Mr. Powell , along with Vice President Dick Cheney and others in the current administration worked with President George H. W. Bush for the first, and hopefully last Iraq war. At that time emotionally charged evidence was presented to Congress that Iraq was taking babies from incubators and leaving them to die on the floor. The story was later proved false.

It is clear that we have a crisis in this nation wherein we are supporting an Iraq war based on misinformation. We are told the secular, egomaniacal Saddam Hussein is connected to the war on terrorism when he clearly is not. The Pew Research Center recently found that 66 percent of respondents believed Saddam Hussein was connected to the attacks of Sept. 11. The reality is that American and worldwide intelligence agencies admit there is no such connection.

A recent newspaper poll revealed that 50 percent thought that the hijackers were Iraqi nationals. The truth is that 80 percent of the Sept. 11 perpetrators were from Saudi Arabia, and none were from Iraq. Will these respondents now insist we attack Saudi Arabia?

We were told a shipment of aluminum tubes was proof that Hussein is building an atomic bomb, again, disproved. The Bush administration keeps grasping at straws, and with the enormous power of the United States and around-the-clock public relations behind it, turns those straws into bludgeons. There may be a case for war with Iraq, but this administration - crippled from the start by its secretive and untrustworthy nature - is not the one to make it. It is difficult to fully trust those who obstructed and then hobbled the Sept. 11 investigations, out-maneuvered the democratic process in Election 2000, slandered their opponents even when those opponents are war veterans and genuine heroes, denied their deep, longtime working relationship with the corrupt and immoral Enron Corp., and arrogantly dismissed treaties with the rest of the world.

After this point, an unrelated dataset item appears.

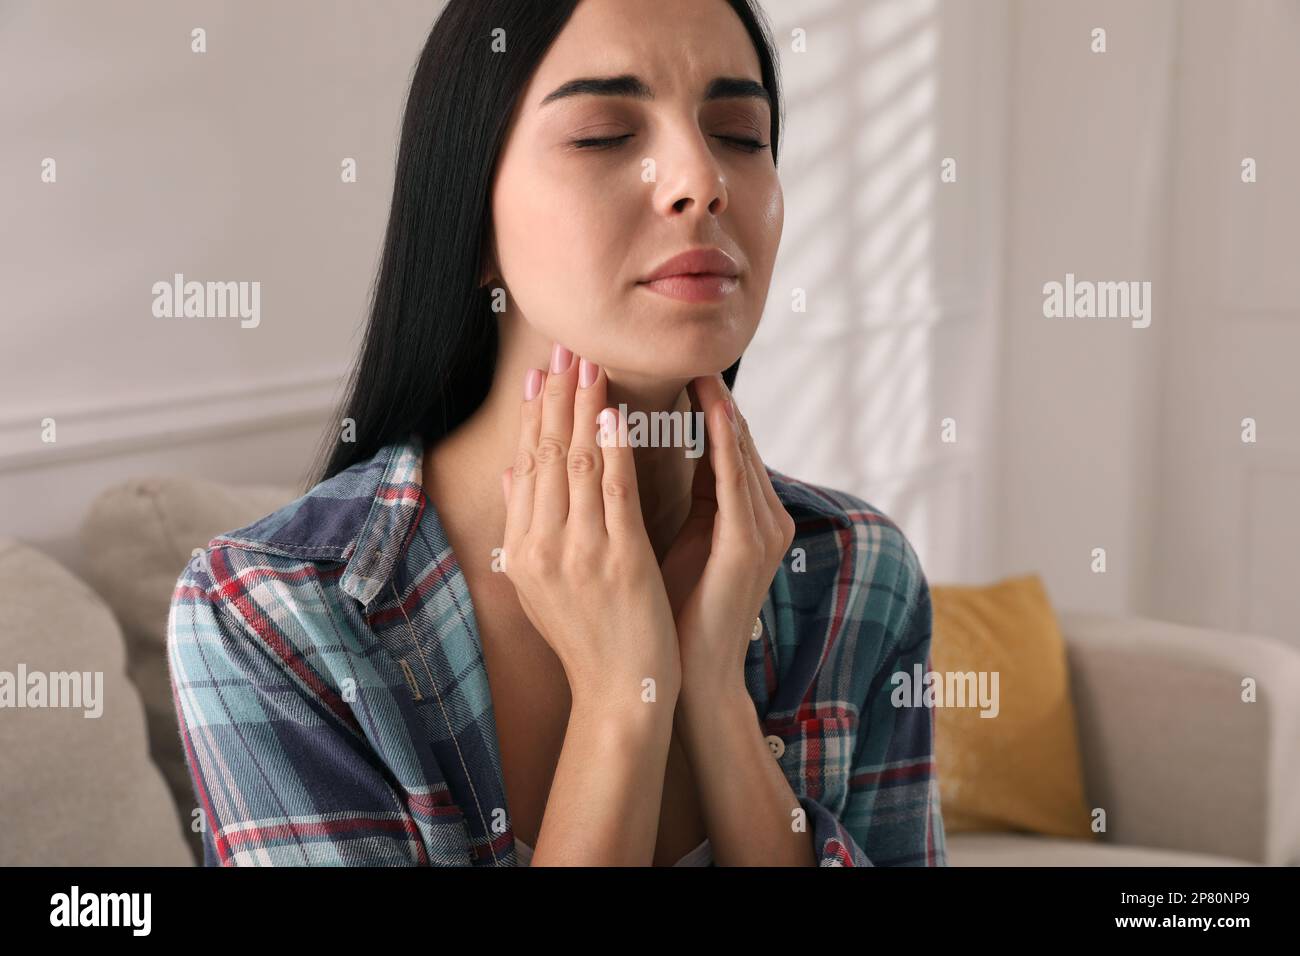 Young woman doing thyroid self examination at home Stock Photo

It's time for Bush to display the humble attitude he so duplicitously promised us in his dealings with the rest of the world. Our government's only way to now gain credibility is to move forward under the auspices of the United Nations Security Council, and with the support of our major allies. George W. Bush's father was skilled enough to do this, and Bush Jr. must do the same. The terrorists will never forget that George W. Bush early on called the war on terrorism a "crusade." To enter into an unjust war will do nothing to convince the extremist Muslim world that it is not a continuation of the Crusades, and will be antithetic to the stated goal of protecting Americans from further attack.